One reason is what happened when I read the David Blight biography of Frederick Douglass. The book won lots of awards and had excellent reviews, but I didn’t like it. I’ve heard Blight speak and found him interesting and engaging, but not in this book. What I kept thinking as I read was I wish Ron Chernow had written this. Chernow, who falls in love with his subject, who maybe wants even a little too much for the reader to love him (yes, so far always him), too. He makes us feel we know Grant, Washington, and Hamilton (even before L-MM) and if we don’t completely understand them, then at least we see the human beings they were.

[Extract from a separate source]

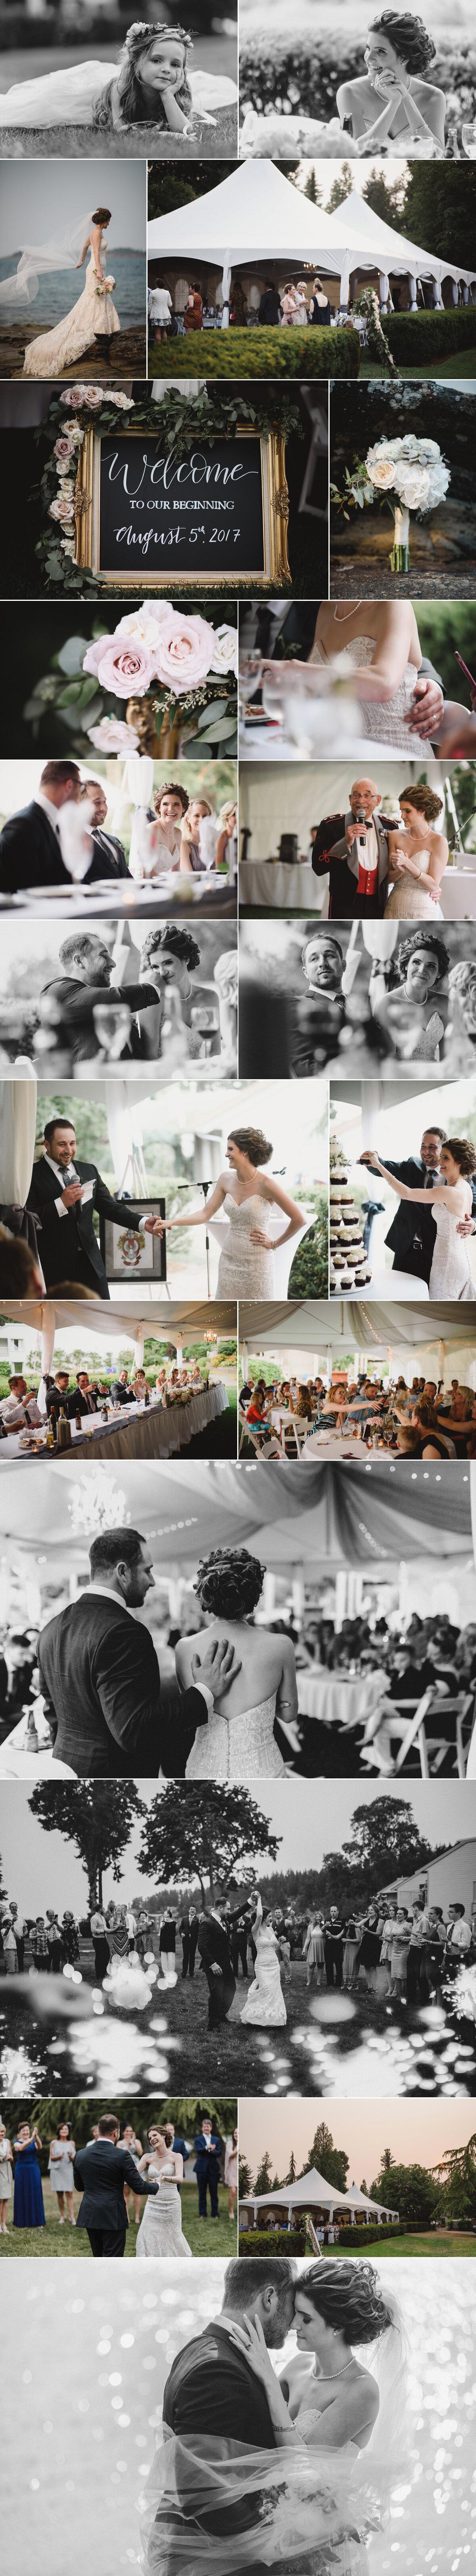 188金宝博线上平台婚礼舞会

When I read Blight’s Douglass biography I got interesting information, but none of that sense of seeing the person, no sense of how he became arguably one of the most significant people of the 19th century. Here was this remarkable man who, only a few years after he freed himself from enslavement–where learning to read and write was an act of bravery, ingenuity, and luck–was speaking and writing eloquently, persuasively, with great sophistication and who went on to live a life of enormous influence. In search of that person, I took a break from the biography, read Douglass’s three autobiographies, and only then went back to finish the Blight.

Zadie Smith is a whole other matter. Her writing is so gorgeous that I kind of get full, as if I’ve had too much chocolate, and I have to stop. I finished “White Teeth,” but since then I just read until I’ve had enough and then I stop.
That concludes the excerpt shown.